Edit: or more appropriately DIVIDE(SUMX(),14,0)
The solution of Chihiro should meet your requirement.
If you have solved your problem, please accept the replies making sense as solution to your question so that people who may have the same question can get the solution directly.
If you still need help, please feel free to ask.
Thank you for the clarification; although, that particular point is not mentioned in ANY documentation I can find on Averagex or the time intelligence functions. Also that rationalization doesn't make sense.
When averaged over all sales for a company for every product category, this might be accecptible. However, this behavior quickly breaks down when you start considering product segments or departments. Many product or server categories are infrequently sold. Think mortgages, roofing jobs, cars, airplanes, trains, dirt, accounting services, etc. It is a false equivalence to assume that because a product was not sold on a day than it must be a weekend or a holiday.
For instance If Boeing were to use Averagex track the daily averages sales for 747s, the calculated result would be WAY off. They may only sale 1 a quarter.
In my particular industry we are heavy tracking equipment utilization. A heavy equipment hauler might genrate $3000 a day, but only work 3 days in a week. However, there are expenses such as debt servicing, insurance, and maintenance that accure daily.
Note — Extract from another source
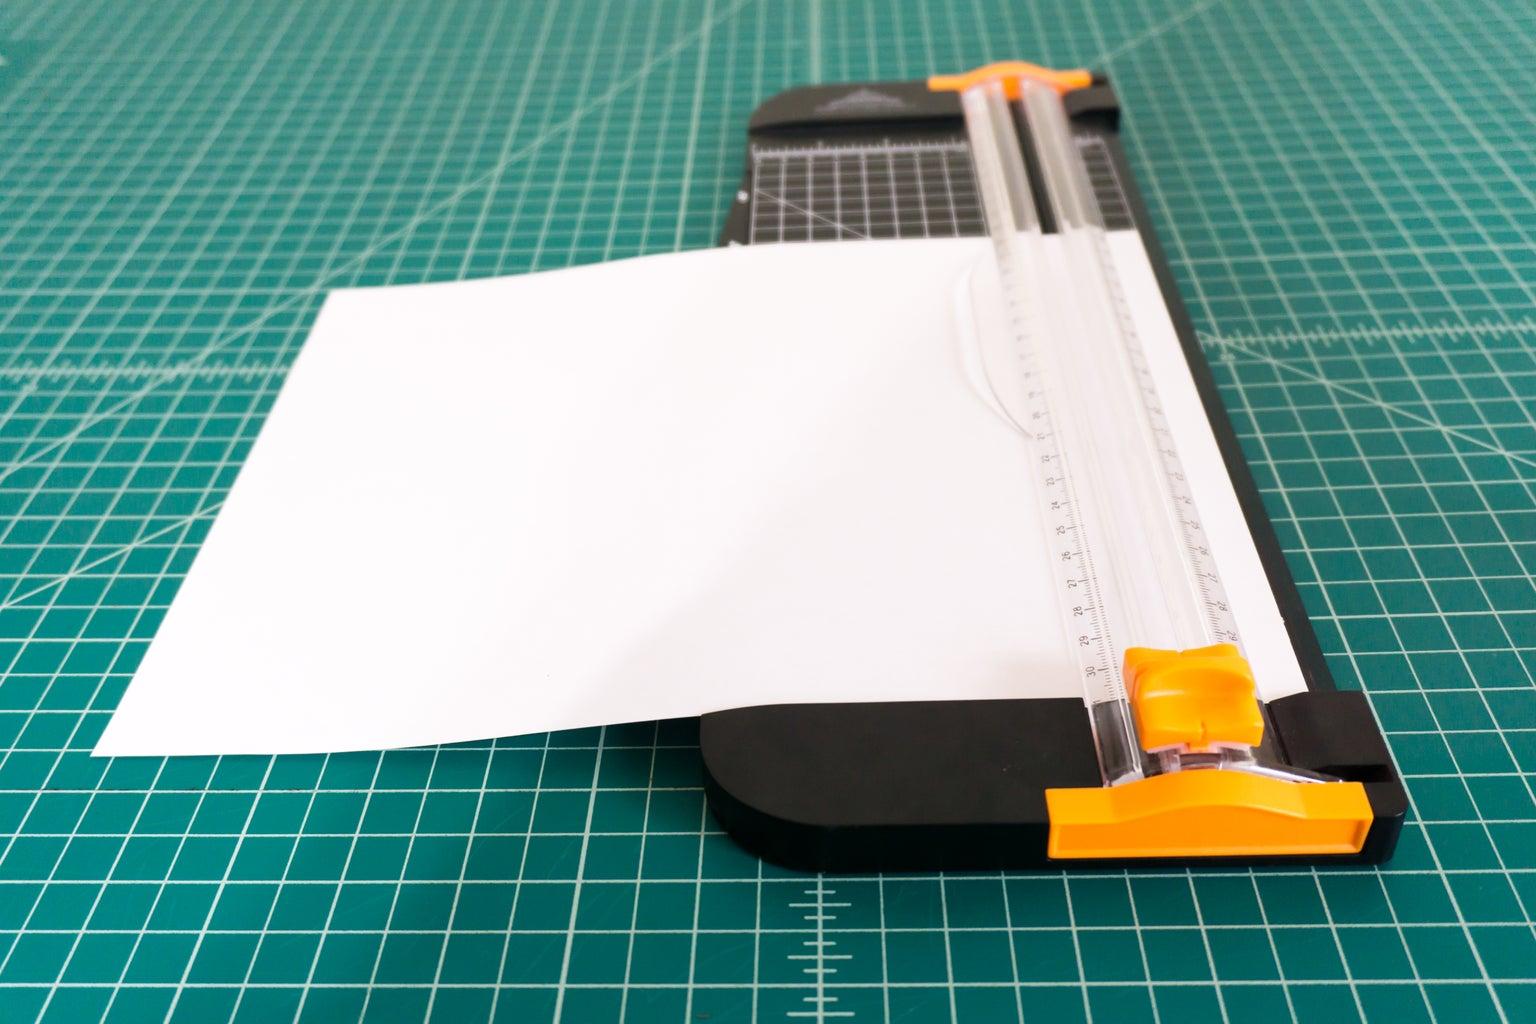 Cut the Paper

As such we need to track the weekly and monthly revenue averages that a machine is generating in to make sure it is turning a profit.
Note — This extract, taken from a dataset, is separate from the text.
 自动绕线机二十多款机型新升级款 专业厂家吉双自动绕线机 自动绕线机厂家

I'm new to PowerBi, buy i've been a professional programmer for decades, and it boggles my mind that this unwritten behavior is acceptable. There is no telling how many incorrect dashboards have been built around the world based upon the misconception that AVERAGEX(DATESINPERIOD(Dates[Date],LASTDATE(Dates[Date]),-7,DAY),[Total Sales]) does NOT in fact return an average of total sales over the unbroken, uninterrupted date range that I pass into the function! It is exacly like Microsoft saying "4/2 = 2 but there are exceptions where sometimes it's 4 or 1, but those exceptions are not spelled out or detailed anywhere. Good luck in finding them."
For those searching why your time intelligence functions are not working properly, here is a working DAX implementation of a true 2 week moving average.
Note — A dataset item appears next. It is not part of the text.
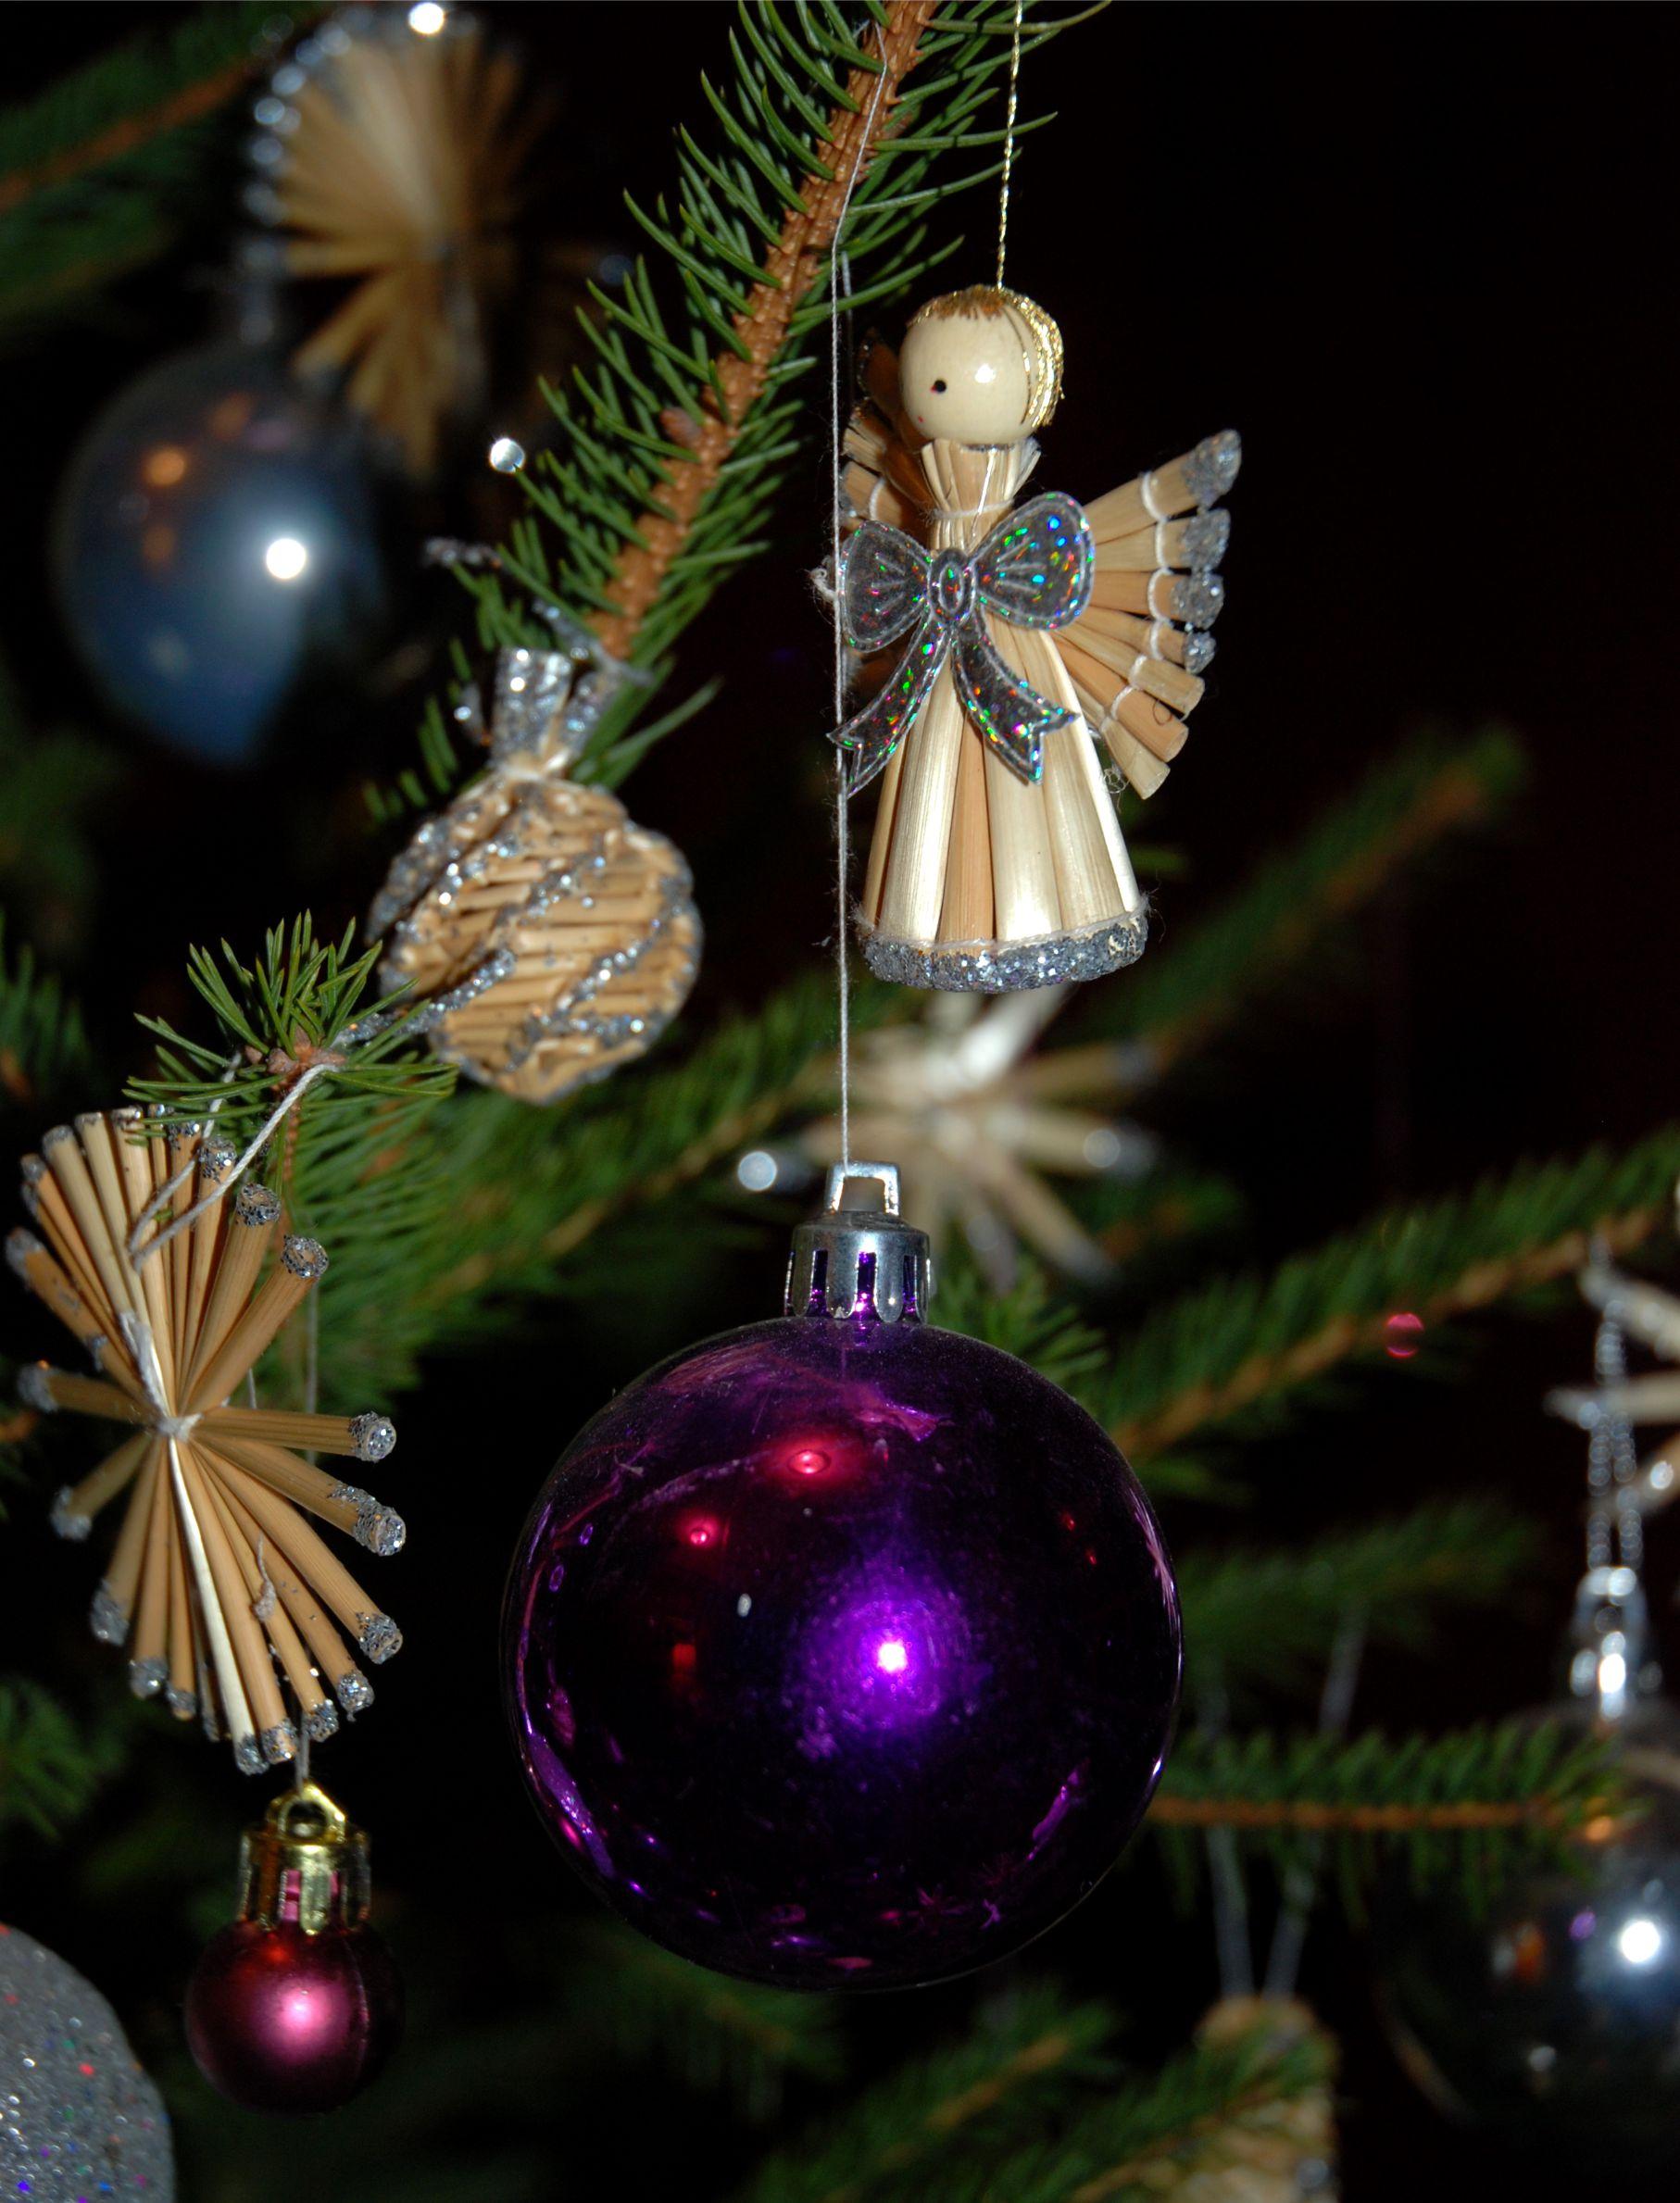 A szép dekoráció nem oldja meg a családi problémákat, de hozzájárul, hogy egy boldog családban szebb legyen az ünnep

2 Week Moving Average = CALCULATE( [Total Sales], DATESINPERIOD(Dates[Date],LASTDATE(Dates[Date]),-14, DAY)) / CALCULATE( DISTINCTCOUNT(Dates[Date]), DATESINPERIOD(Dates[Date],LASTDATE(Dates[Date]),-14, DAY))
If you want to filter out working days from nonworking days, the proper procedure is to create a class label in your date table to which you can group, filter and calculate across. So for instance you can cateorgize your dates into "WorkDays" and "OffDays". In which case the above calculation becomes:
2 Week Moving Average = CALCULATE( [Total Sales], DATESINPERIOD(Dates[Date],LASTDATE(Dates[Date]),-14, DAY), FILTER(ALLSELECTED(Dates),Dates[Day Type] = "WorkDay")) / CALCULATE( DISTINCTCOUNT(Dates[Date]), DATESINPERIOD(Dates[Date],LASTDATE(Dates[Date]),-14, DAY), FILTER(ALLSELECTED(Dates),Dates[Day Type] = "WorkDay"))
Averagex and the other time intelligence functions could be easily fixed to correctly accomodate nonworking days, by accepting an optional filter parameter. Until then however I'm afraid that recreating these base methods is the only alternative.
It's pointed out here.
In all other respects, AVERAGEX follows the same rules as AVERAGE. You cannot include non-numeric or null cells. Both the table and expression arguments are required.
From AVERAGE function:
Nonnumeric values in the column are handled as follows:
If the column contains text, no aggregation can be performed, and the functions returns blanks.
If the column contains logical values or empty cells, those values are ignored.
Cells with the value zero are included.
When you average cells, you must keep in mind the difference between an empty cell and a cell that contains the value 0 (zero). When a cell contains 0, it is added to the sum of numbers and the row is counted among the number of rows used as the divisor. However, when a cell contains a blank, the row is not counted.
Basically difference between "Zero" value in a field versus empty/null value in a field.